Is it similar to what Metro Group in Germany has done with their Extra Future Store?
“There are some of the same elements. But this is really a different experience than anyone has yet provided.”

When will the project be completed?
“We haven't given any dates. I'd be misleading you if we did that. But I'd say we're ahead of schedule.”

Where are you in terms of strengthening market share?
“If you look at total markets or geographic sectors of the US, we have major strength in most areas. But our goal is to be number one or two in every market we're in. Still, we have a lot of work to do. As we look at markets where we're not one or two we have several different alternatives. We can grow organically or we can look for bolt-on acquisitions. Those options evolve constantly and we're looking at alternatives every day. There's a lot for sale out there. We deploy about $1.3 billion a year in capital. That's basically in three buckets: new stores, remodels and technology. Quite frankly we've begun to focus more on technology in the past couple of years because the return on invested capital is extremely high.”

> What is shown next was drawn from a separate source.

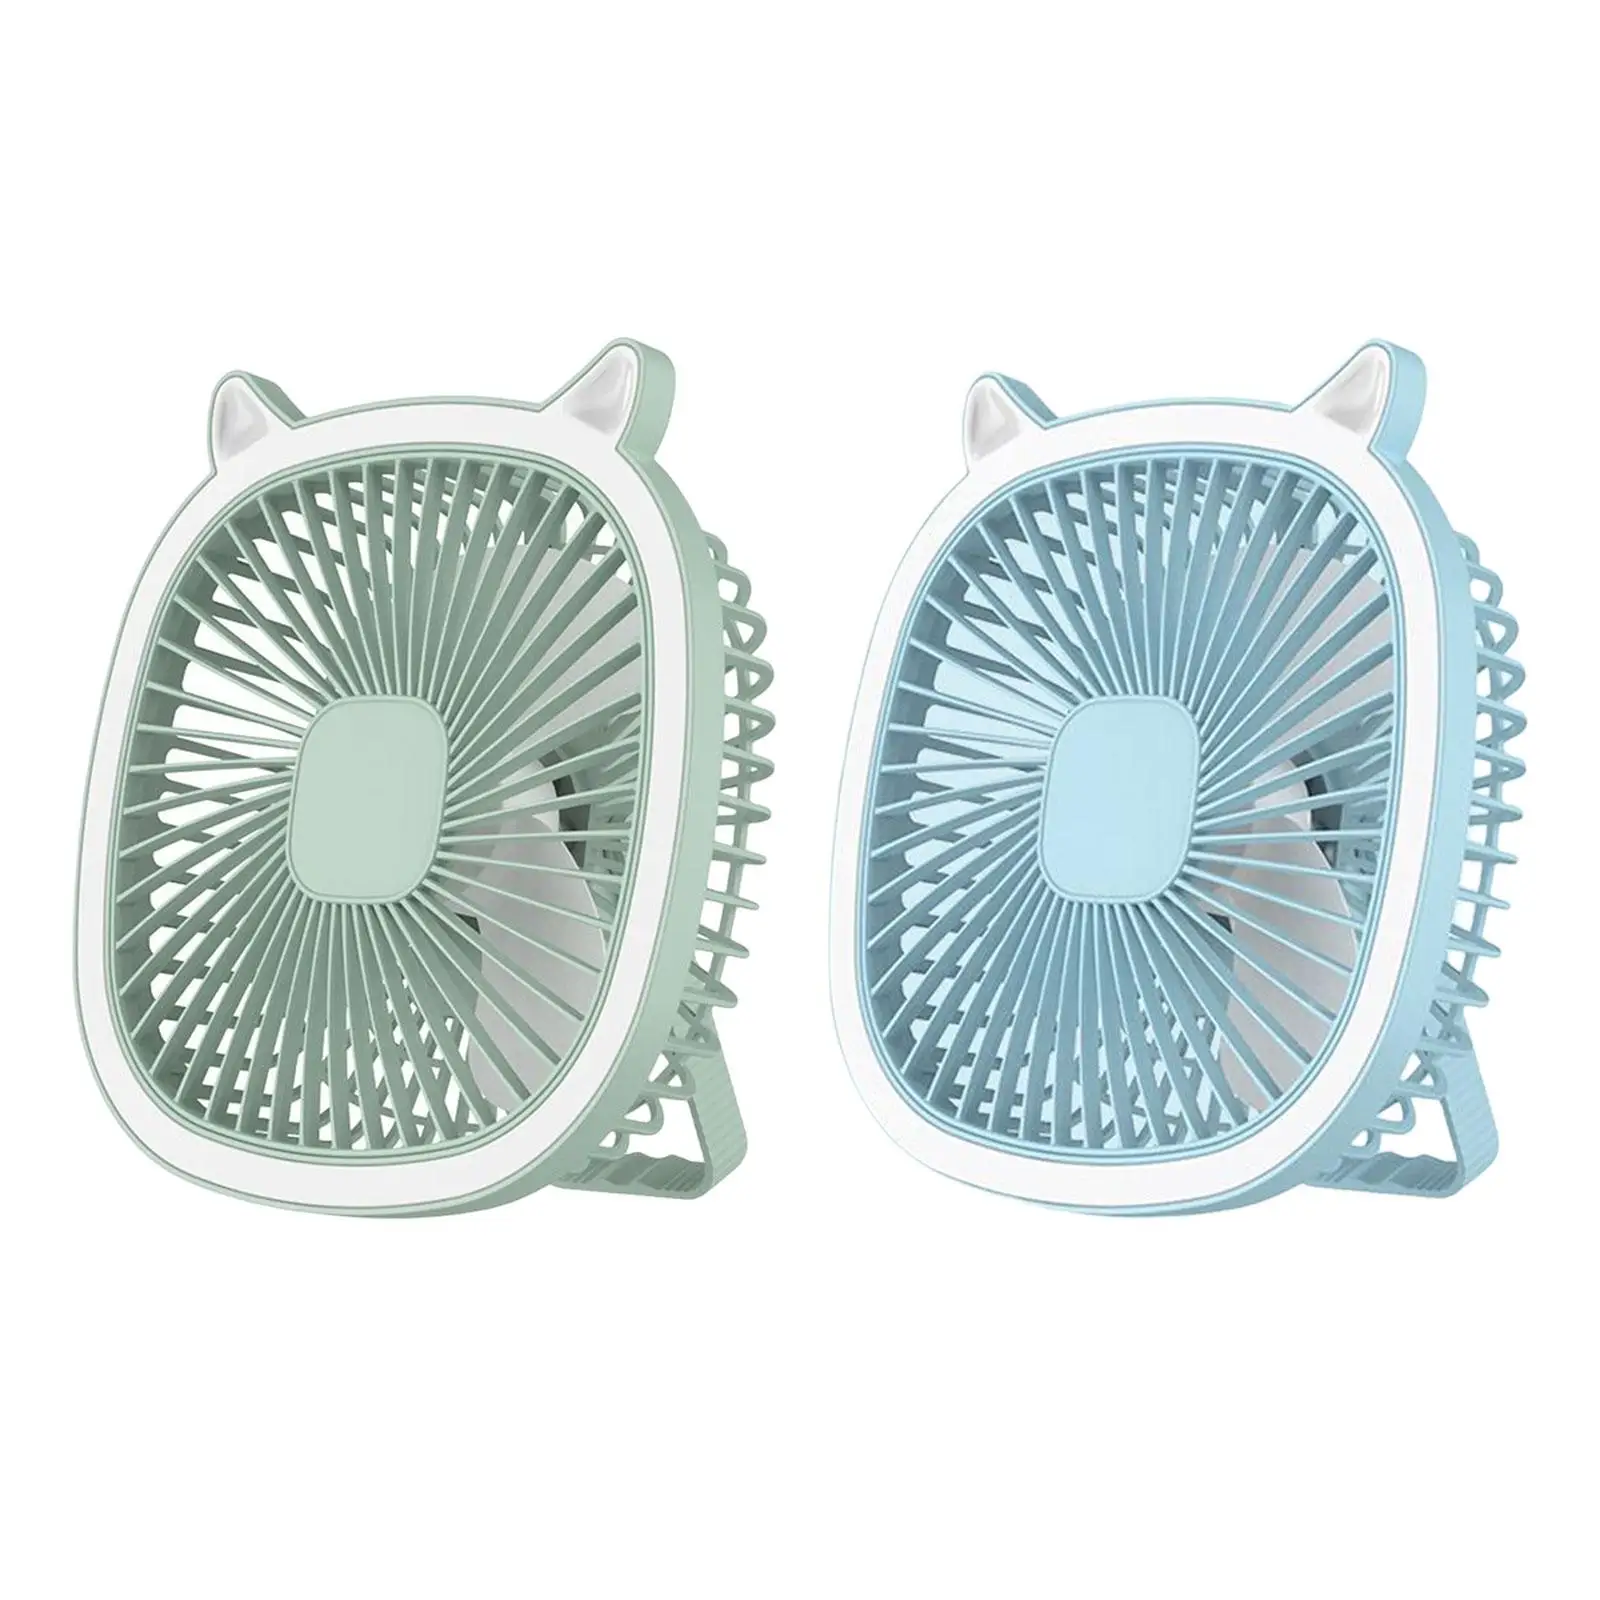 Portable Desk Fan Personal Table Cooling Fan with Lights for Car Home Office

Have you completed consolidating divisions?
“This is a focus on efficiency and communication. At the end of 2000 we had 39 divisions. Then we went to 20, 15 and now 11. And you'll see further consolidations, and de-layering. The fewer layers between the customers and the leadership of the company, the clearer the communication and the faster you can move. The challenge with American stores was putting two big entities together. I've done over 30 mergers and acquisitions in my career and when you bring entities together you have cultural issues, scale issues and inefficiencies you have to get out very quickly, usually in the first 100 days. If you don't, the company gets off track and takes longer to get back on. For the past two and a half years I've been doing things that should have been done at the time of the merger. We've set a goal of taking $750 million in cost out of the structure by the end of 2004. We're already past the $500 million mark and I believe we will have to accelerate that. We haven't given any numbers or timing on that. But productivity is on-going and the focus on this will never be over.”

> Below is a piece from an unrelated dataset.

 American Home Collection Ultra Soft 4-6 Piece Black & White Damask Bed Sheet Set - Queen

Will additional stores be closed as part of this programme?
"We watch every store every week. Every asset in our portfolio is under intense scrutiny. There are no sacred cows anymore and unless an asset can return at least the average cost of capital it can't stay in the portfolio. This means we add and purge just like any retailer. There's a cleansing that goes on in the portfolio on a constant basis. We went through a major cleansing in the last two and a half years to catch up on what should have been done in prior years.”

In the past, one of the things to come up was Albertsons in-store strategy which was felt to be lacking or 'plain vanilla' by some standards.
“If you talk today to the P&Gs, Krafts and Pepsis of the worlds, they would tell you that a new competitor is evolving. One that is focused on executing in all 2,300 stores and doing it in an exciting way. We've set aggressive targets with them and try to create an excitement around things like new items. In fact, all 2,300 stores now have a new item end cap and I believe we're the first grocery company in the country to do that. In pilot tests we were able to get to 90 per cent ACV in three weeks and get new products to market 21 days faster than anyone in the market.”

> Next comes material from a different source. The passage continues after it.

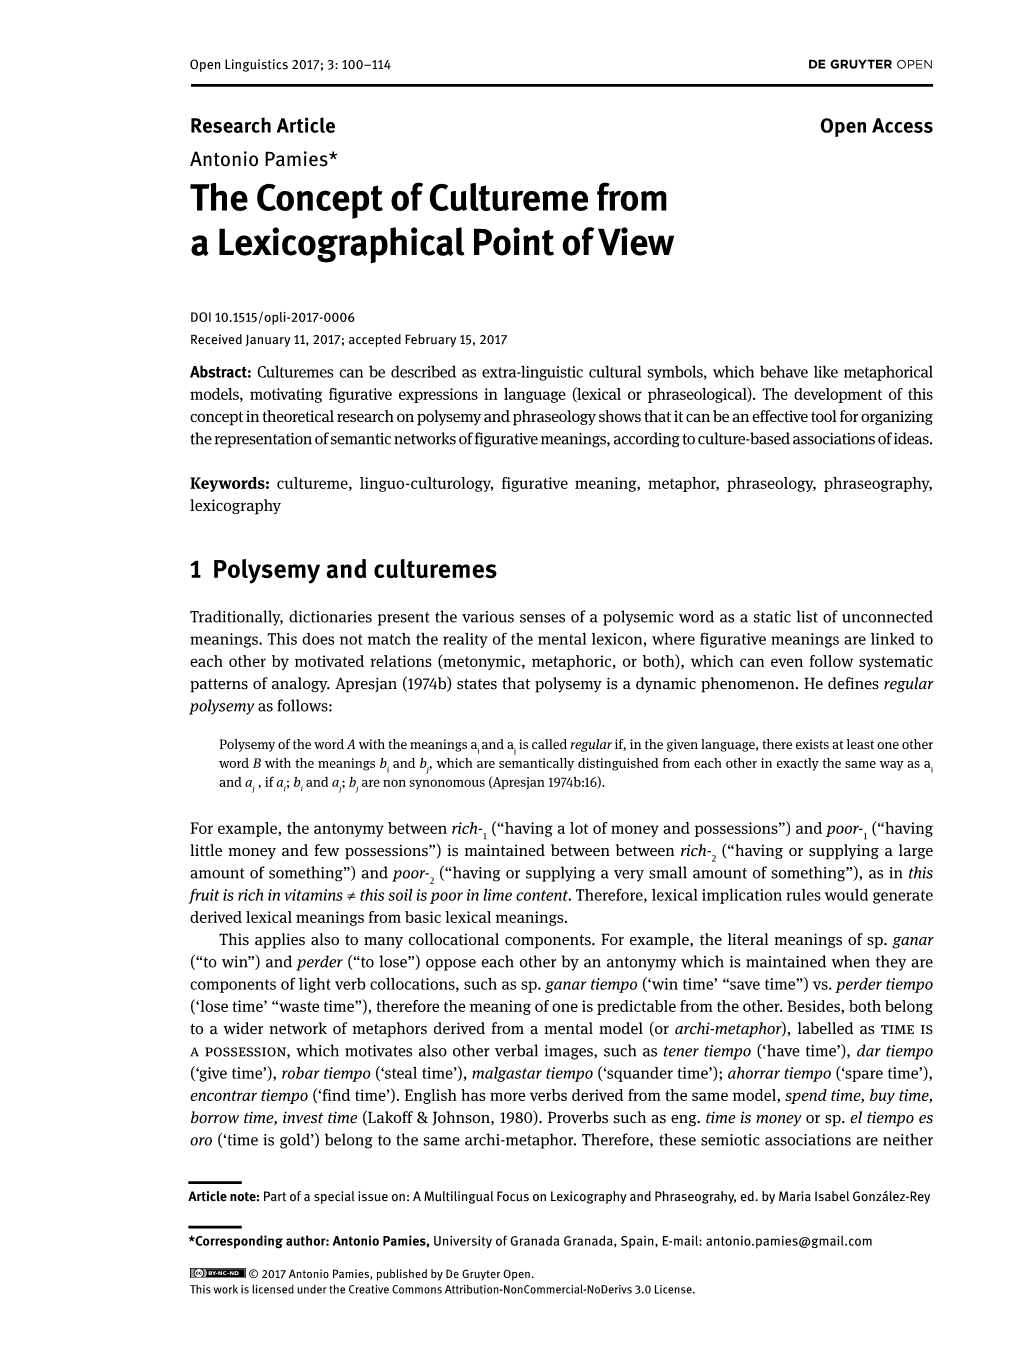 The Concept of Cultureme from a Lexicographical Point of View

At some point in time, does Albertsons have global aspirations?
“Our vision is to become the number one food and drug retailer in the world, but visions can take some time to achieve. We have a lot of work to do in the US. We started this conversation by talking about how there's not an industry this big that's not consolidated. There's also not an industry this big that is not globalised. There's really been almost no globalisation of the food and drug industry but I believe that will happen over time. If I can buy 100 million bananas a year instead of 10 million, I know I can offer consumers better prices. If I can continue to market one-on-one to consumers I can do as well in Italy as I can do in Philadelphia.”